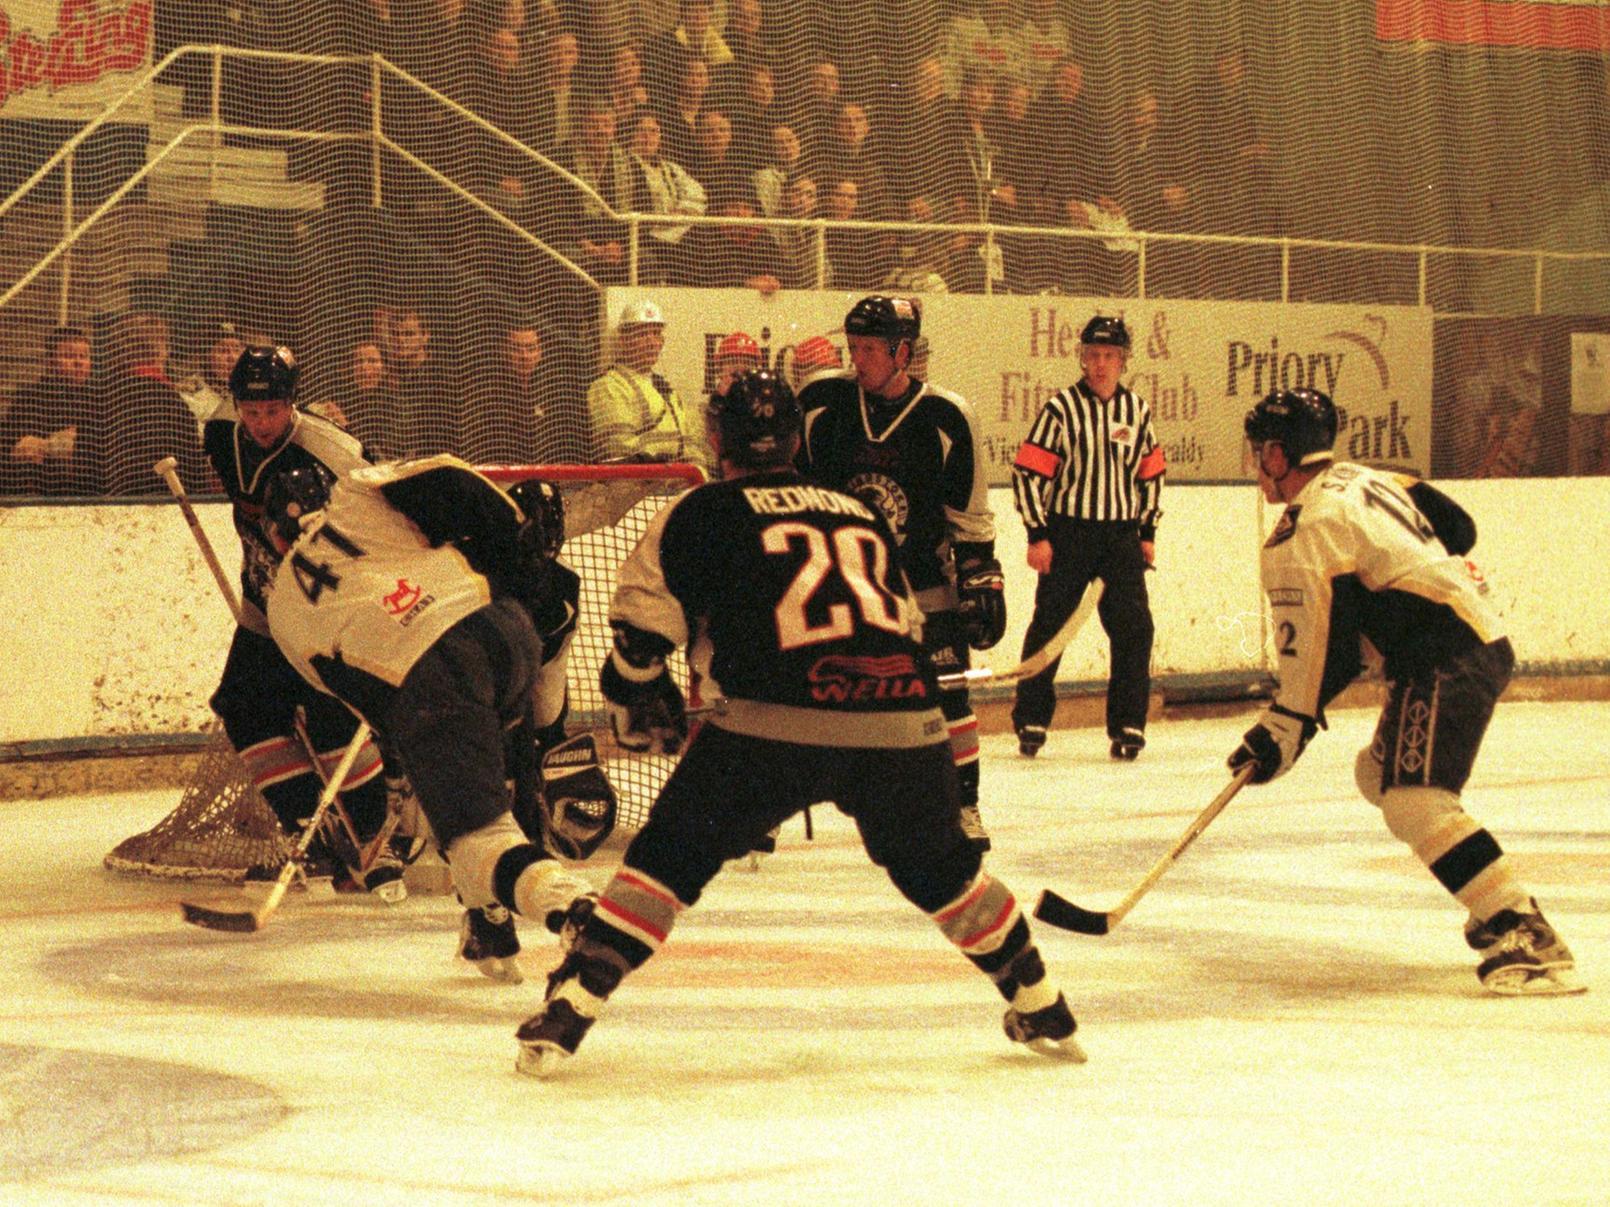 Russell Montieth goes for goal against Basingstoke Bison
-*-*-
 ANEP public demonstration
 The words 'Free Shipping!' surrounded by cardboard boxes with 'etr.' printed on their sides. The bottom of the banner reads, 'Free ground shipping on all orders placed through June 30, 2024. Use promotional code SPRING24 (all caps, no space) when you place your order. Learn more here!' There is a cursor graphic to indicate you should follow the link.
-*-*-
◆ Required action ◆
Copy exactly the stretch of data above from the line with "ANEP public demonstration" through the line with "The words 'Free", and omit all other lines.

◆ Task solution ◆
 ANEP public demonstration
 The words 'Free Shipping!' surrounded by cardboard boxes with 'etr.' printed on their sides. The bottom of the banner reads, 'Free ground shipping on all orders placed through June 30, 2024. Use promotional code SPRING24 (all caps, no space) when you place your order. Learn more here!' There is a cursor graphic to indicate you should follow the link.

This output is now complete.